**EXERCISE OBJECTIVE:**
Take the lines below between the one holding "A bamboo birdcage" and the one holding "Dimensions: Height 24cm x Width", inclusive, and copy them exactly. Add nothing.

BEGIN DATA IN THIS EXERCISE

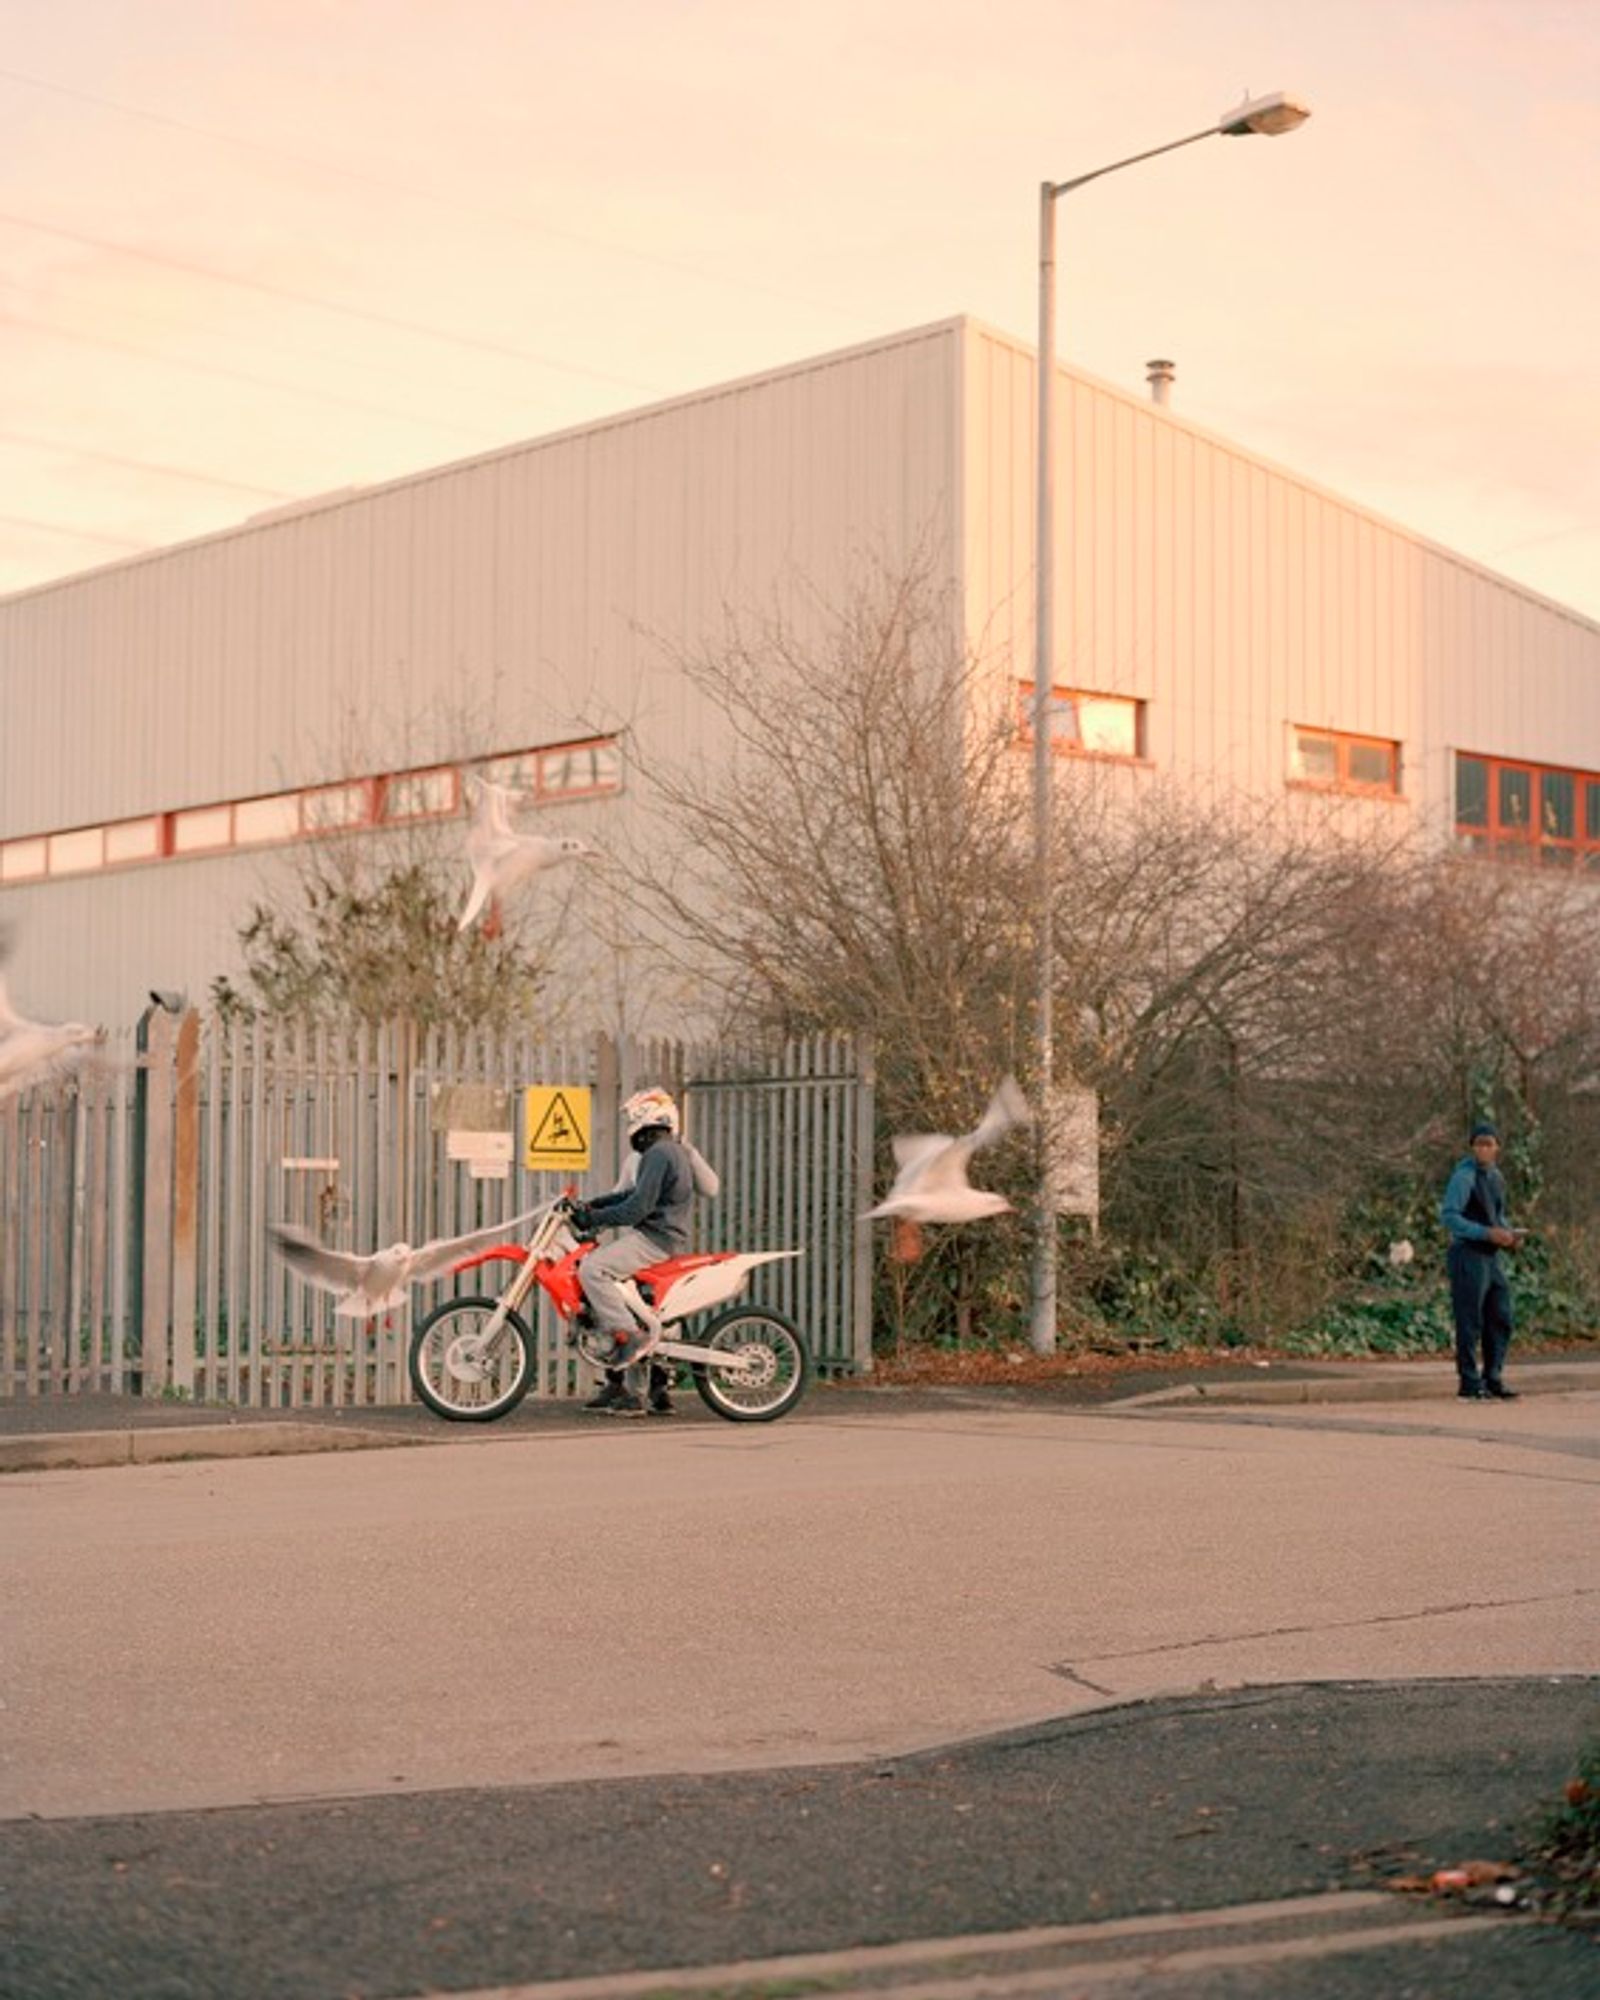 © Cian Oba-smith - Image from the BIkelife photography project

END DATA IN THIS EXERCISE
BEGIN DATA IN THIS EXERCISE

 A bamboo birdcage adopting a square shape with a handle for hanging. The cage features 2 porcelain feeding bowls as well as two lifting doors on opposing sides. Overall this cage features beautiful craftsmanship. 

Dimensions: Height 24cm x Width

END DATA IN THIS EXERCISE

**ANSWER SPACE:**
 A bamboo birdcage adopting a square shape with a handle for hanging. The cage features 2 porcelain feeding bowls as well as two lifting doors on opposing sides. Overall this cage features beautiful craftsmanship. 

Dimensions: Height 24cm x Width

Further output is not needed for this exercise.